A cura di Pino Nuccio
Estetica e stile
Van Dormael ha affermato in proposito: “Mi piacciono due cose della vita: essere vivo e fare
film e queste due cose sono contrastanti perché nei film tutto ha significato mentre la mia vita
è piena di buchi. Nella narrativa tradizionale dei film ci si occupa di rendere le cose semplici
mentre io cerco di realizzare film complessi come la vita……. Credo che il cinema abbia
ancora molto da scoprire in tal senso, perciò in genere preferisco i film che pongono domande
a quelli che danno delle risposte consolatorie”.

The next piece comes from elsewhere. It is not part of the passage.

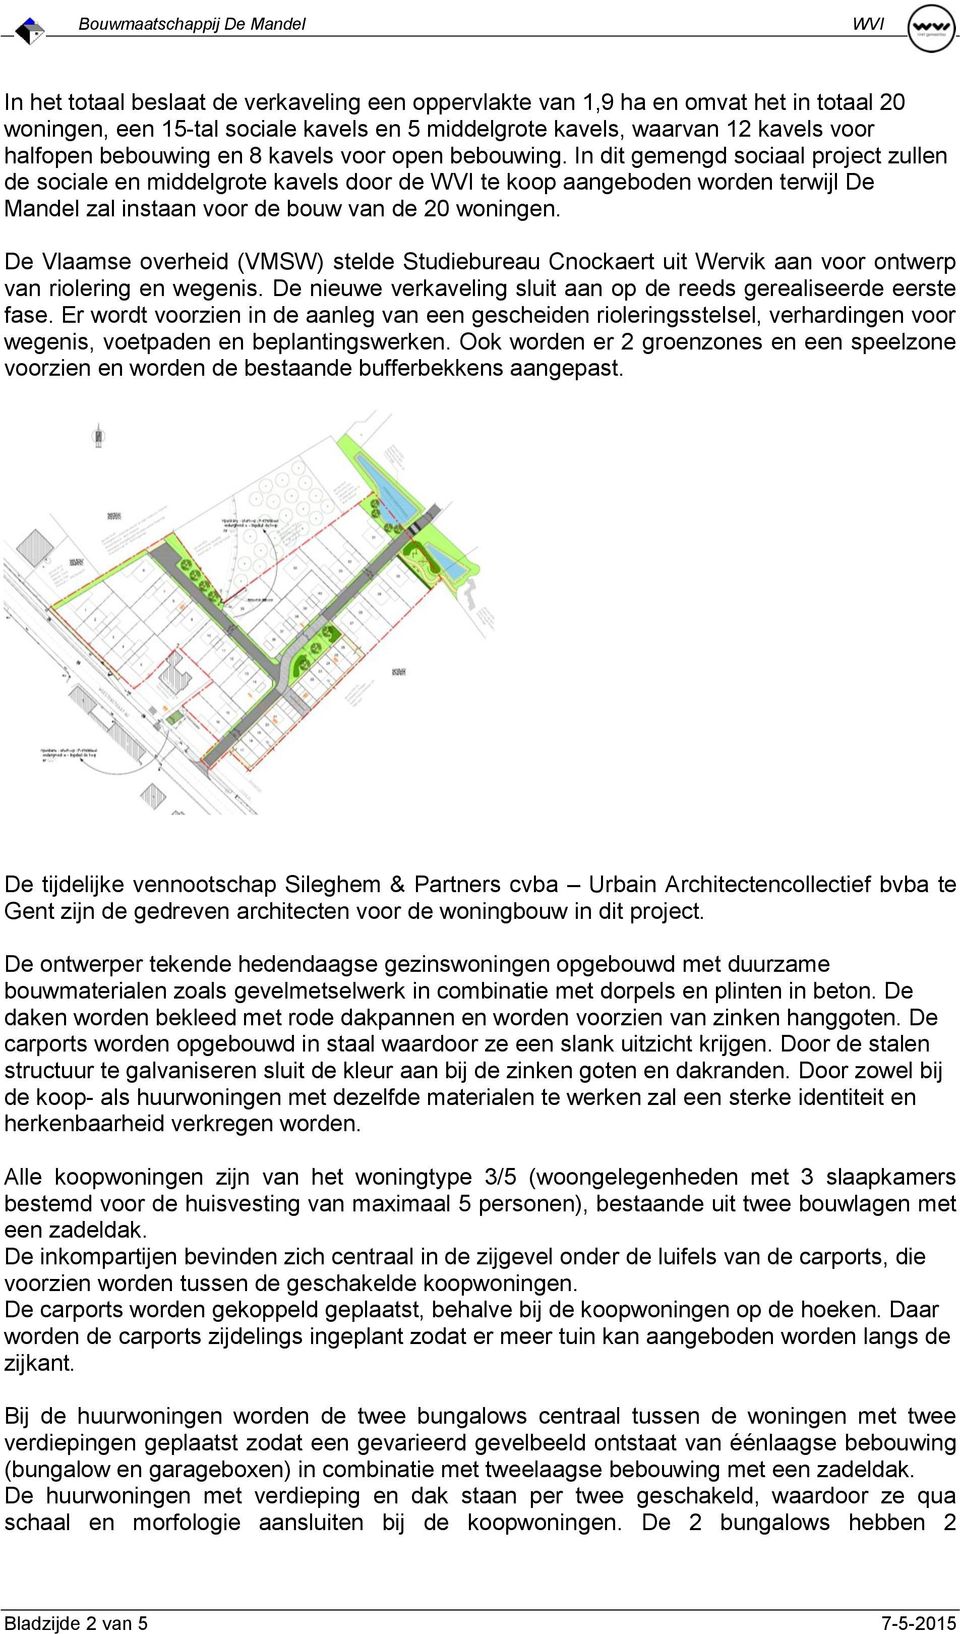 De Vlaamse overheid (VMSW) stelde Studiebureau Cnockaert uit Wervik aan voor ontwerp van riolering en wegenis. De nieuwe verkaveling sluit aan op de reeds gerealiseerde eerste fase.

“Quello che mi interessa di più nel cinema non è dare un'immagine di realtà ma dare
un'immagine più di percezione generale che permetta a tutti gli stili di raccogliersi e di saltare
da una storia all'altra, da uno spazio e da un tempo all'altro proprio come succede a livello di
pensiero”.
Nei suoi film, Van Dormael riconosce tracce del lavoro di Federico Fellini, definendo pressoché
identiche le strutture di Amarcord. Egli inoltre cita Andrej Arsen'evič Tarkovskij, René Magritte,
Georges Méliès, Auguste e Louis Lumière tra le sue influenze. Le opere del regista spesso
finiscono con la morte, la quale non è raffigurata come una tragedia, ma come un momento
di felicità in cui il defunto osserva serenamente il mondo sottostante. La sceneggiatura di Sulla
terra come in cielo, curata da Van Dormael, termina con una nascita, che raffigura il
passaggio per un nuovo mondo. Questo schema viene utilizzato anche in Mr. Nobody, nel
quale la morte e l'immediata rinascita poste alla fine del film trasmettono un senso di felicità.
Van Dormael fa un importante uso di musiche pop classiche, come Boum! di Charles Trenet in
Toto le héros, Mexico di Luis Mariano in L'ottavo giorno e varie versioni di Mr. Sandman in Mr.
Nobody, usate come temi ricorrenti. Ogni opera del regista è caratterizzata da immagini
surreali. Nei primi due film questi elementi sono relativamente pochi, ad esempio i fiori danzanti
in Toto le héros o Georges che vola intorno a una stanza in L'ottavo giorno. Mr. Nobody è
caratterizzato da un uso esteso di elementi surreali durante tutta la durata della pellicola. Sia in
Toto le héros sia in L'ottavo giorno sono presenti personaggi con sindrome di Down, i quali
vengono raffigurati con rispetto, evidenziando le loro caratteristiche infantili.